McKinsey says bank profits face a potential 0 billion AI hit

McKinsey says bank profits face a potential $170 billion AI hit

Banks face a hit to their bottom lines of up to $170 billion if they do not adapt their business models to respond to customers turning to artificial intelligence to optimize their finances.

The consultancy predicted that customer adoption of agentic AI — essentially autonomous bots — would erode the profits banks earn from customer money held in low-interest accounts, according to a McKinsey report published Thursday.

“Imagine you have an AI agent that says, ‘Hey, you can save $2,000 a year by moving your money,’” says Pradip Patiath, a senior partner at McKinsey. “It automates a lot of the inertia that is in the system today.”

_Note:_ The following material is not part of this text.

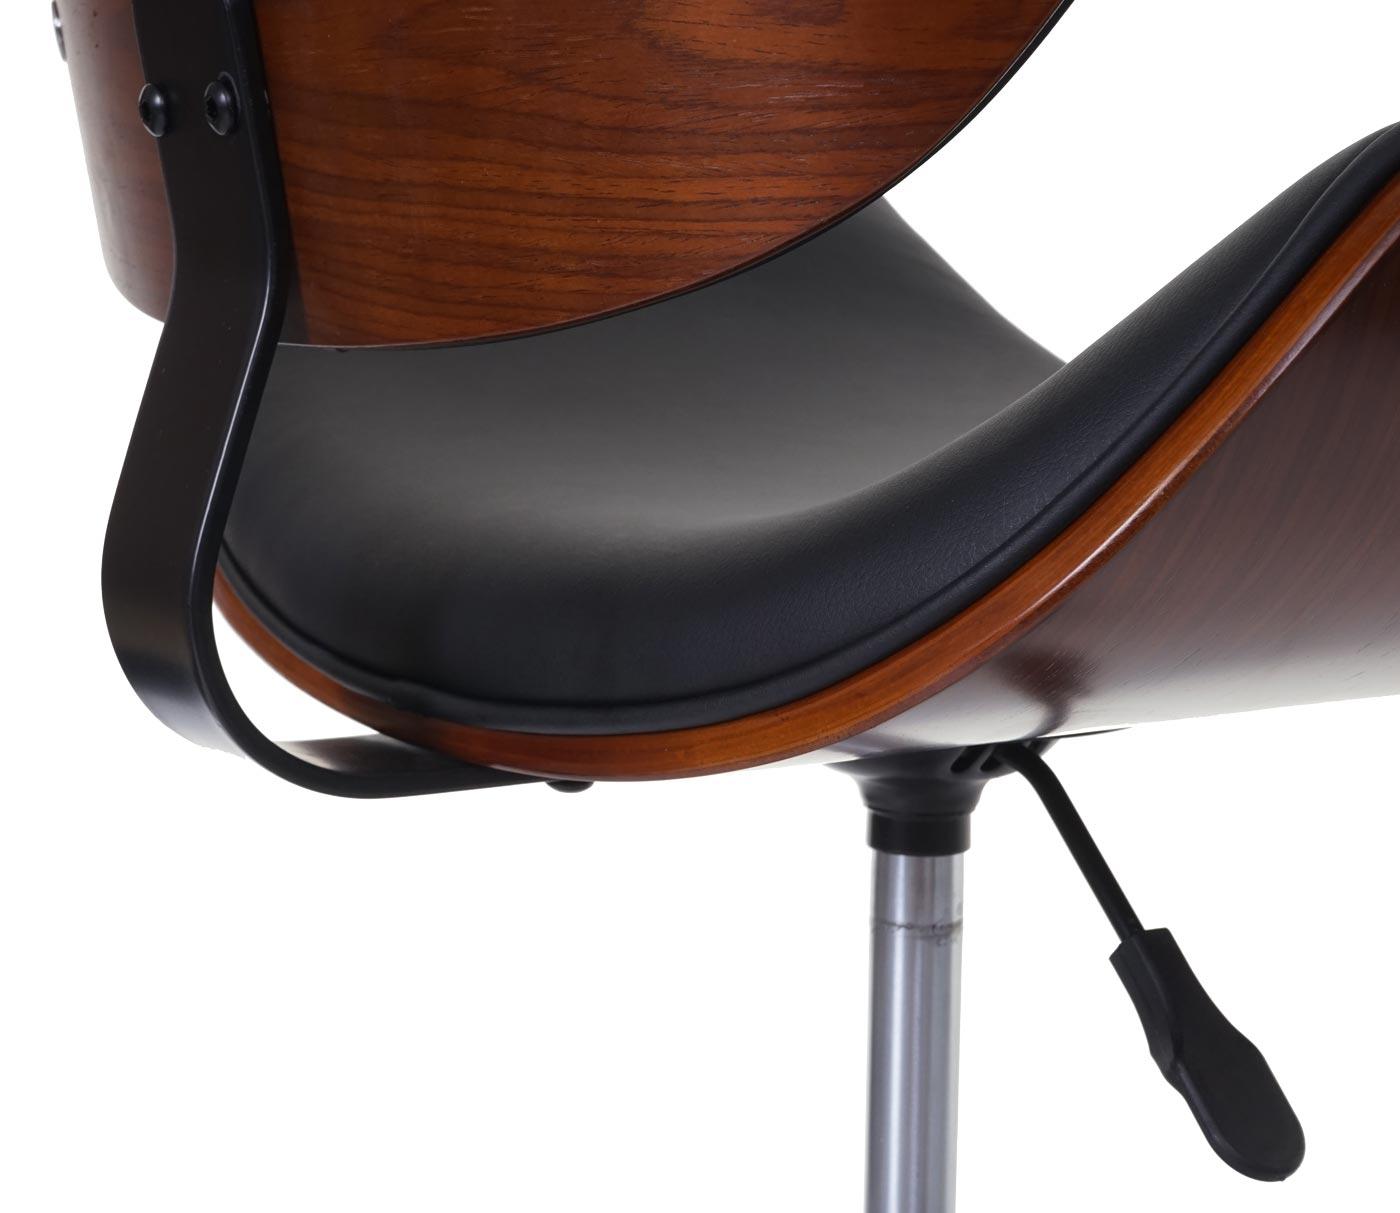 HWC-G25 Detailansicht Sitzfläche

The research shows that consumers hold $23 trillion out of a total of $70 trillion in accounts with near-zero interest rates, while the rest is in accounts that often pay relatively low interest.

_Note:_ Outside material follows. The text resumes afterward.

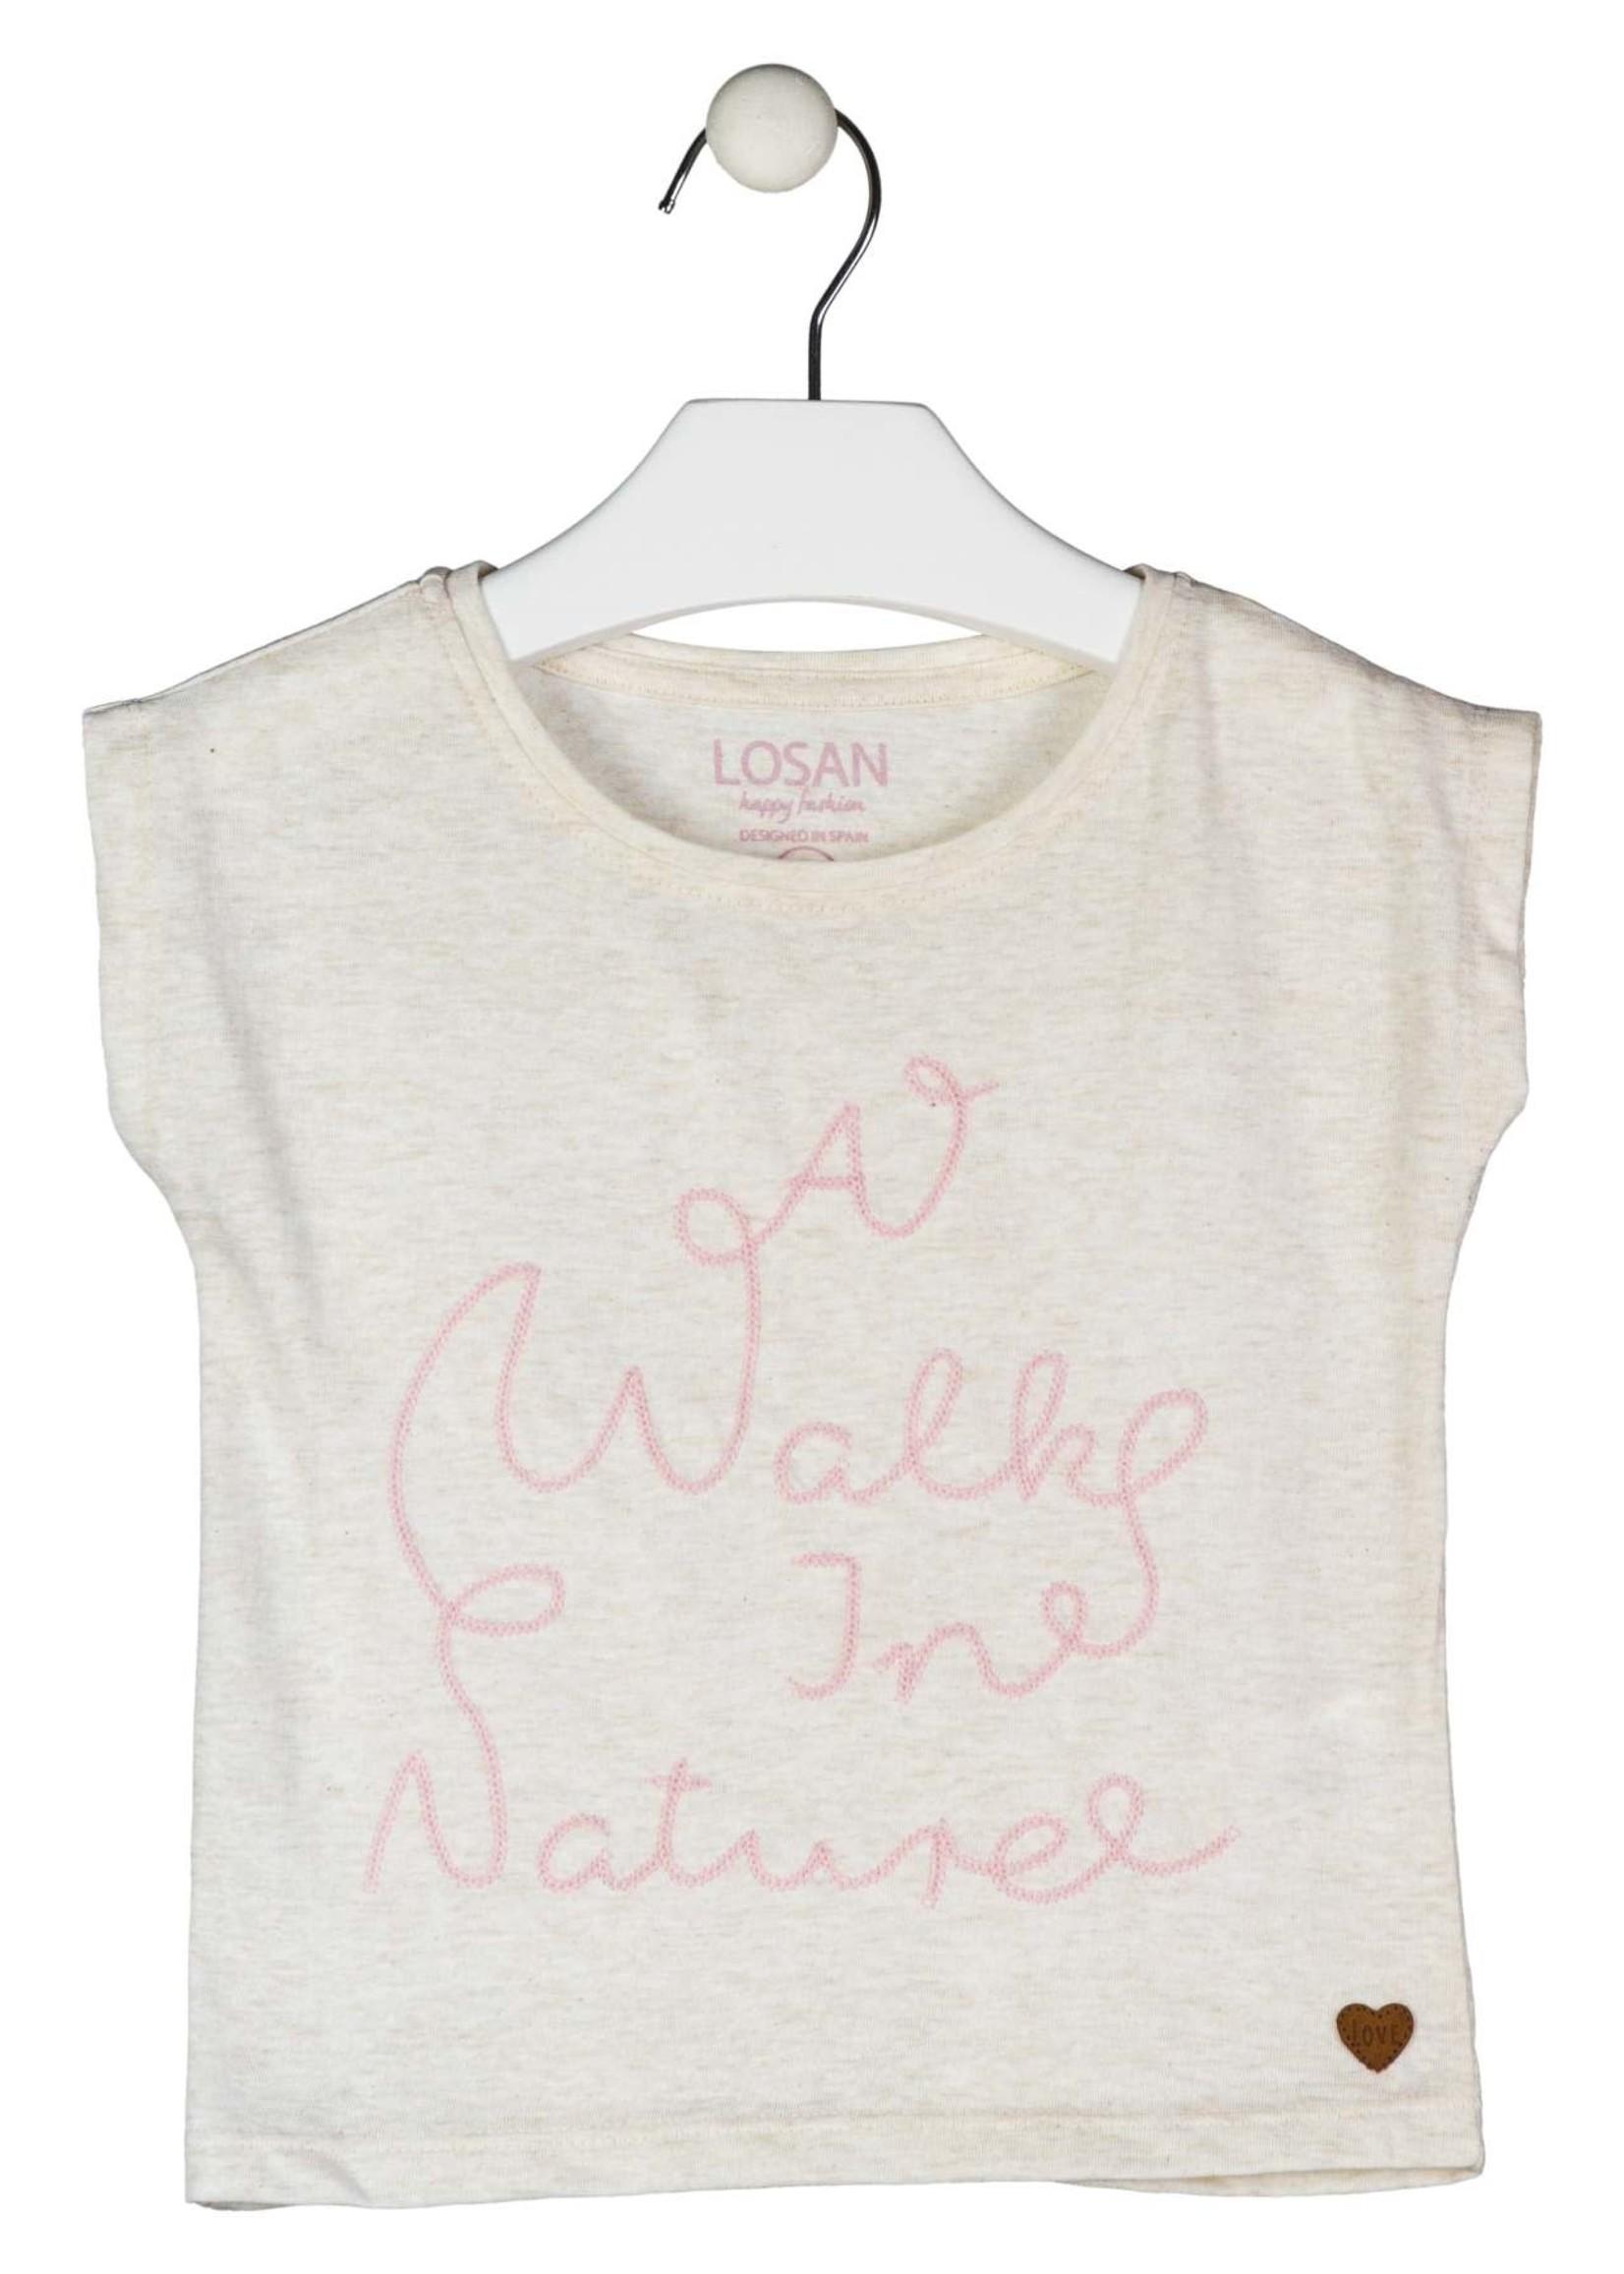 Losan T-shirt walk nature

Customer use of AI agents could lead to a 9 percent drop in profits for banks, about $170 billion, if they don’t change their business models. That could push average returns for banks below their costs of capital, the advisers said.

While the banking industry is expected to save between 15 and 20 percent in costs with AI, this will likely be outcompeted over time. “Competition is likely to erode profits for banks and most of the benefits will accrue to customers,” the report said.

However, there is likely an upside for banks that adopt agentic AI and reduce their costs versus their competitors. Early adopters will likely “get a head start before water levels recover,” said McKinsey’s Patiath.